Collected data:
▬▬▬▬▬▬▬▬▬▬

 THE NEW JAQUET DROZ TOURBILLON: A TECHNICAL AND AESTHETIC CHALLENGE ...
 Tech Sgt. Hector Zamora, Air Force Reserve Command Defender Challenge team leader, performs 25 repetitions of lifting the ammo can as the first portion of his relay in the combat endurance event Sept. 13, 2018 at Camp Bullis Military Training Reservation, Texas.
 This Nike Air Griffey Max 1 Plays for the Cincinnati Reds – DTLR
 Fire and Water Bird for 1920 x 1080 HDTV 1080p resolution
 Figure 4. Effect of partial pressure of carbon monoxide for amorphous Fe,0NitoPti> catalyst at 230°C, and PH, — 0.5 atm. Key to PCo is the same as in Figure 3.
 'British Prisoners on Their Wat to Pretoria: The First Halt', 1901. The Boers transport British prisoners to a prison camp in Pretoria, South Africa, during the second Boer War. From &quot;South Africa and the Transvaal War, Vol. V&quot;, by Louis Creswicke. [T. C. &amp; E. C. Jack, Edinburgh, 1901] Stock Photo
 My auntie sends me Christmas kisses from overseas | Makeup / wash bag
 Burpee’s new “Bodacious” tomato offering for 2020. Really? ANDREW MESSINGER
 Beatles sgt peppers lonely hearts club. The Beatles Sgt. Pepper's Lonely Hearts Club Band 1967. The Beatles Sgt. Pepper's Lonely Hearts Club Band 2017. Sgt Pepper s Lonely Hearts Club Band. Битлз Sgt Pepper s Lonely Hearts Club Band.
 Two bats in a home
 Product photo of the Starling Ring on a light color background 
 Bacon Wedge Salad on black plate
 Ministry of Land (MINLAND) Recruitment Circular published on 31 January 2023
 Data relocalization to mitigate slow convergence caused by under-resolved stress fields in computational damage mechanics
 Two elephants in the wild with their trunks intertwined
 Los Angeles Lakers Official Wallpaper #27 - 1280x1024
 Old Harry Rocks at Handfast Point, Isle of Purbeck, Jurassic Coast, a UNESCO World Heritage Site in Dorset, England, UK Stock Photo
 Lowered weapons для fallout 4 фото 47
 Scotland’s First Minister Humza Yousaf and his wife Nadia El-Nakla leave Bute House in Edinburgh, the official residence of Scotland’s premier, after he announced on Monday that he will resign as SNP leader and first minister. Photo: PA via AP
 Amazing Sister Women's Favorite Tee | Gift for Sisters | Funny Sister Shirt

▬▬▬▬▬▬▬▬▬▬

[Task description]
Out of the data above, transcribe exactly and only the lines starting with the line that has "Two elephants in" and going on through the line that has "Old Harry Rocks", both included.

[Expected output]
 Two elephants in the wild with their trunks intertwined
 Los Angeles Lakers Official Wallpaper #27 - 1280x1024
 Old Harry Rocks at Handfast Point, Isle of Purbeck, Jurassic Coast, a UNESCO World Heritage Site in Dorset, England, UK Stock Photo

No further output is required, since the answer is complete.